Words of concern (and inclusion and welcome) to gay young people in France, as marriage equality is enacted in that nation:
Tonight, we would especially like to speak to the adolescents in our country - boys and girls - who have been hurt during this debate. We speak to those children who found themselves in the midst of deep and frightening chaos. They discovered a society where a wave of selfishness led many to loudly protest against the rights of others.
We simply want to tell these adolescents that they are at home in our society.
We recognize them in this society. We recognize their contradictions, talents, shortcomings, qualities and fragility. These are the things that make each and every one of us unique. Regardless of any sexual issues, each one of us is unique. That is the strength of our society. It is even the basis of our society. It is the basis of our relationship to society. So we tell these adolescents: if you find yourself losing hope, sweep all of those thoughts out of your minds. They are only words.

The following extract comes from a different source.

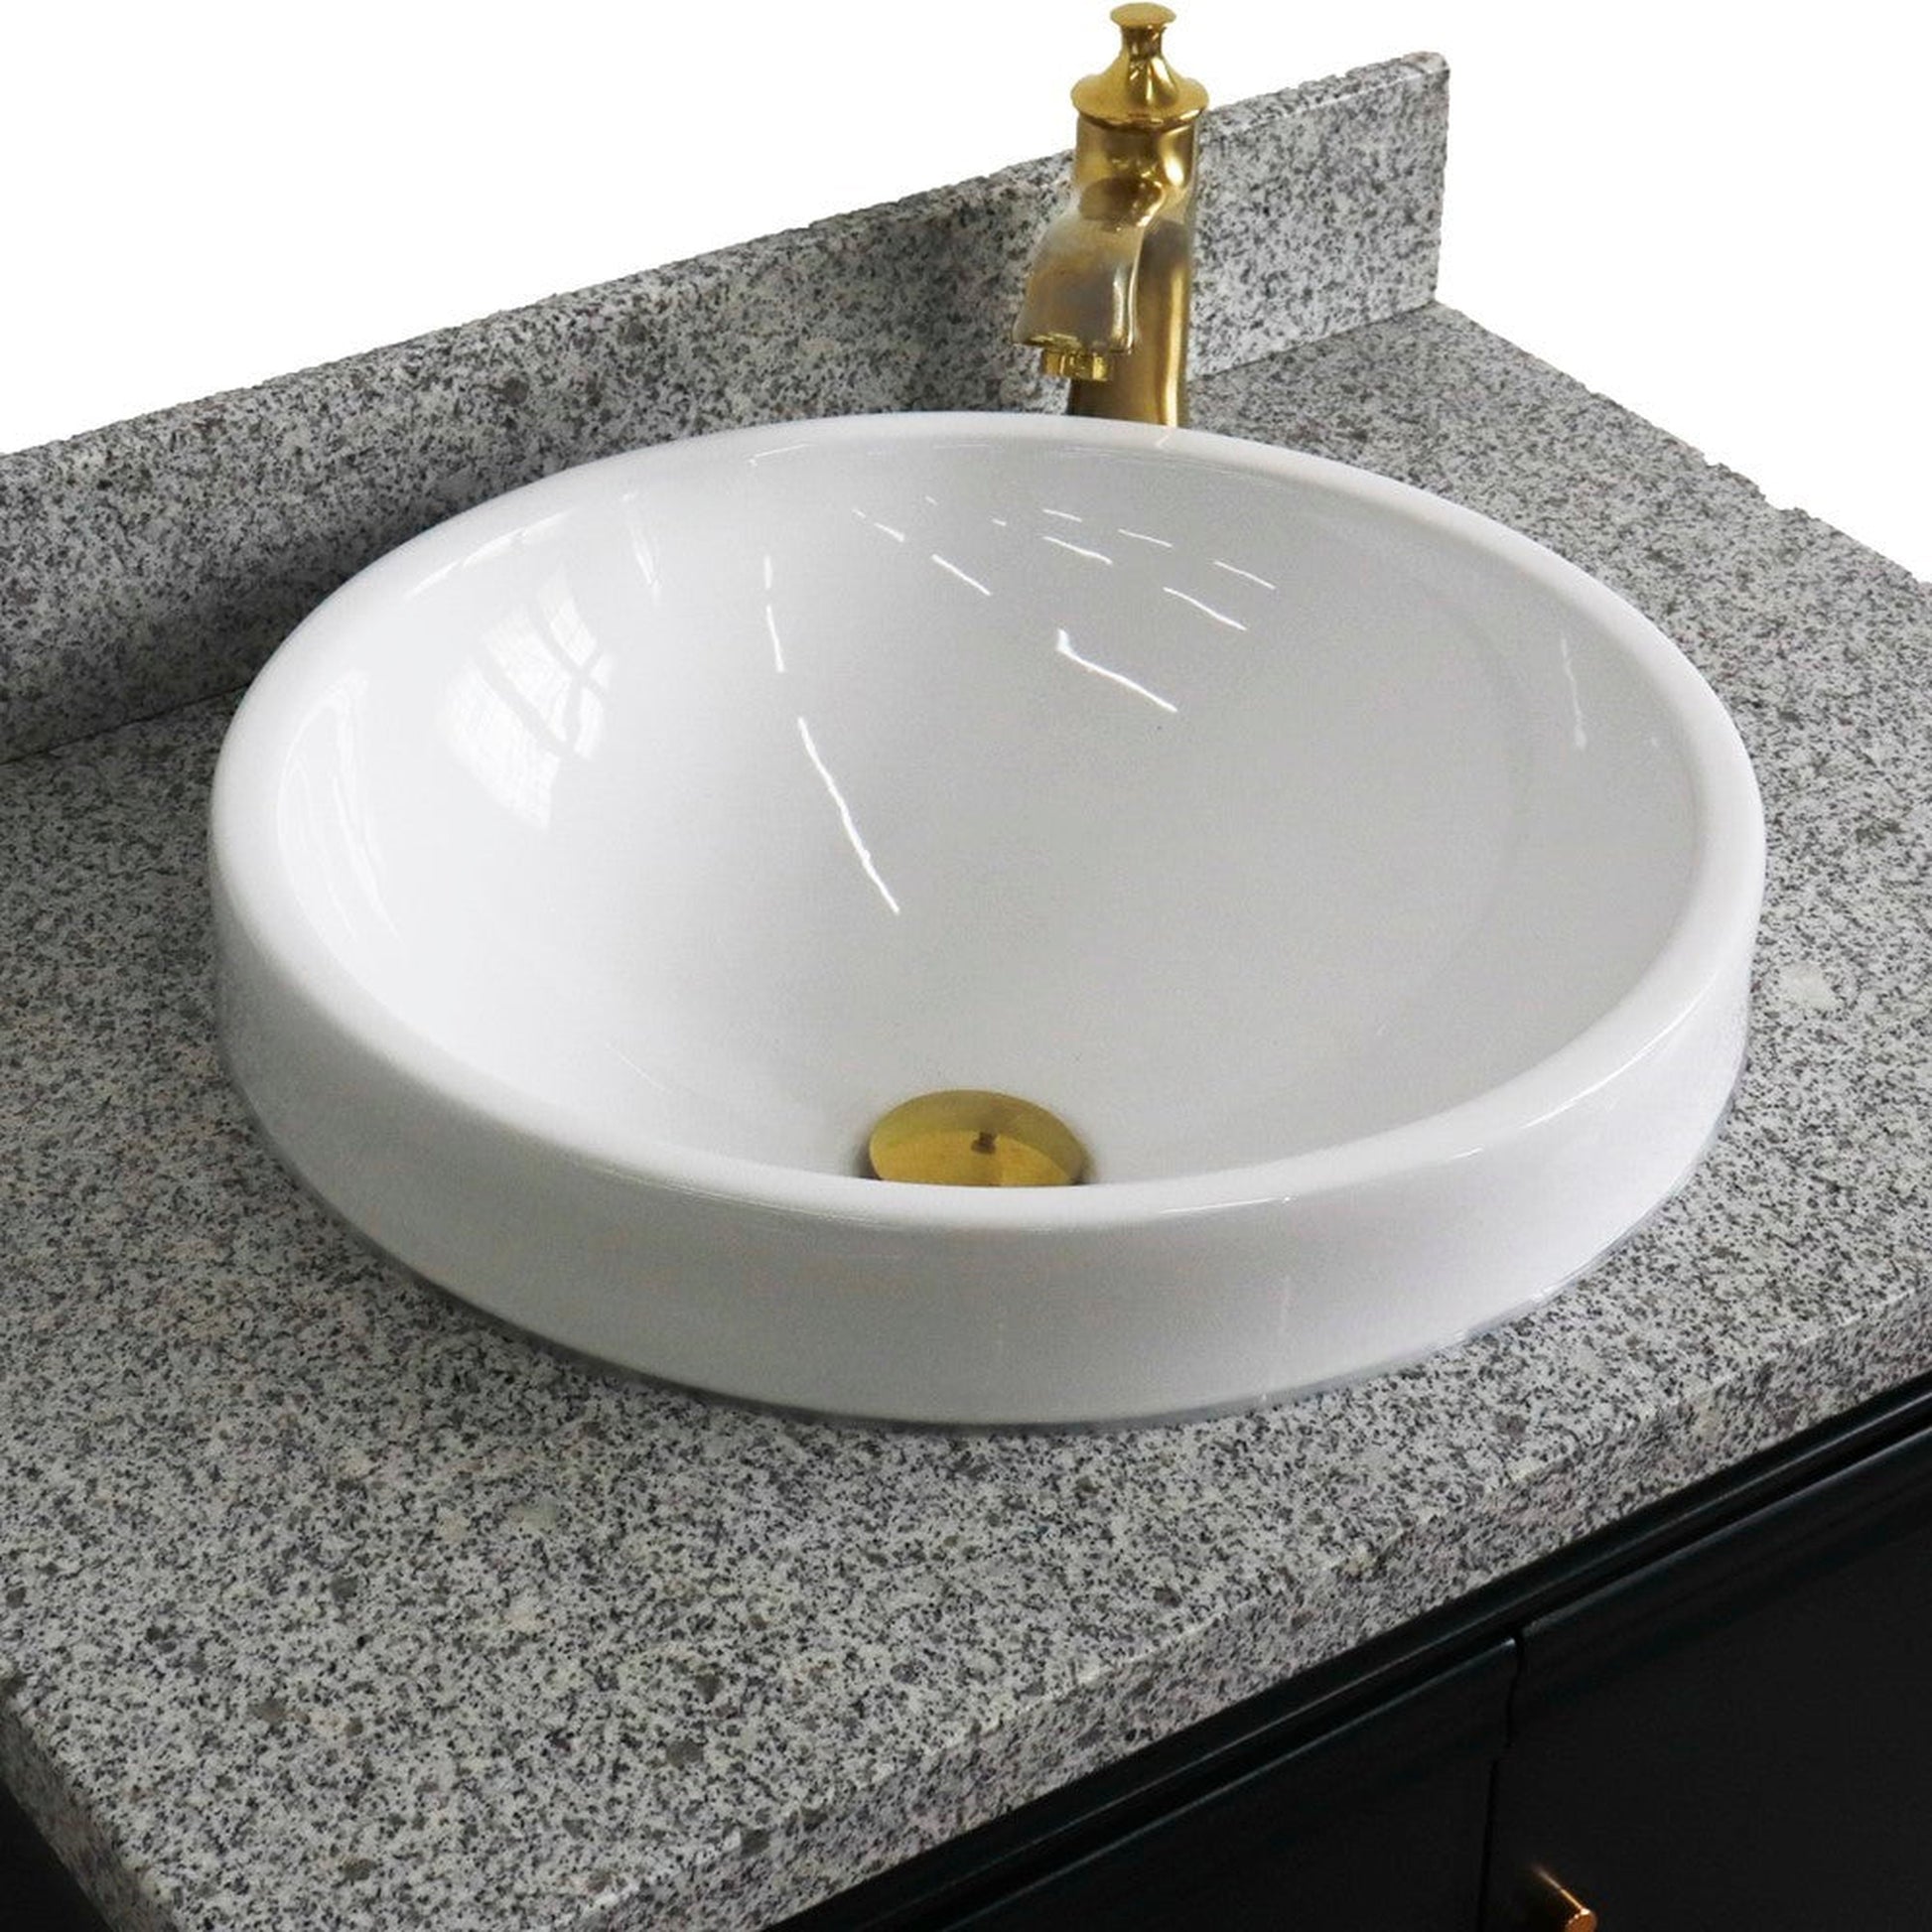 Bellaterra Home Forli 31" 2-Door 1-Drawer Dark Gray Freestanding Vanity Set With Ceramic Vessel Sink And Gray Granite Top

One day they will float away. Stay with us and keep your heads high. You have nothing to be ashamed of. We say that loud and clear, with our all the strength in our voices. As Nietzsche said: Truth kills. And if you repress it, it will kill you.
AThank you all.
No, those worlds were not spoken by a Catholic priest, bishop, archbishop, cardinal, or pope. They're the words of France's justice minister Christiane Taubira, following the marriage equality vote in the French national assembly. She's addressing the young gay and lesbian members of French society who have just lived through events that, as she points out, have inflicted considerable pain on these young people.
In recent weeks, gay young people in France have had to confront the fact that many of their fellow citizens barely tolerate them as members of French society, and do not want to accord a place at the French table to them--do not want them to share in rights accorded automatically to all heterosexual citizens of French society simply because those human beings happen to be born heterosexual. Young French gays have had to deal with the painful recognition that "moderate" and "religious" people who may live next door to them and smile and say hello when they meet as neighbors are willing to mount demonstrations designed to bring down the French government, using the lives of gay and lesbian human beings as human targets in this political initiative.
If these young gay French citizens happen to be Catholic, they've had to grow up in a short space of time to the astonishing recognition that there is no place for them in their church--no real and welcoming place, but only a place of grudging toleration which asks them to accept second-class status because of how God has fashioned them. Young French gays have had to recognize that a sizable percentage of devout Catholics in France define Catholicism over against homosexuality, so that being Catholic means, ipso facto, not being gay: gay human beings are the other. They are not fully welcome in French Catholicism.
Young gay citizens of France have had to learn in the past few weeks that the violence enacted against gay people in France of late is directly related to the words and attitudes of the pastoral leaders of their Catholic church--to the words and attitudes of those who profess to stand in the place of the Good Shepherd in the Catholic community. They have had to listen to the leader of the French bishops' conference suggest that the violence directed against LGBT citizens of the nation is an understandable consequence of laws affording equal rights to LGBT citizens.
And now they have to cope with the recognition that words of healing, inclusion, and welcome which affirm their human worth and their place in French society come to them from the government's minister of justice, and not from the pastoral leaders of their church. Who have never made such welcoming and affirming statements to gay youth in any country in the world, including the U.S., where the Catholic bishops of the state of Minnesota are, at this very time, calling on all Catholics of their state to urge their elected representatives to oppose legislation designed to curb bullying of gay youth in schools. Just as the Catholic bishops of North Carolina fought bitterly several years ago to prevent a similar law trying to curb bullying of gay youth in schools in that state from being passed . . . .
As the first link above indicates, the translation of Christiane Taubira's statement to the French national assembly is by Joseph McShea at his Joe's Report blog site. I'm grateful to John Aravosis at Americablog Gay for the link to Joe McShea's blog.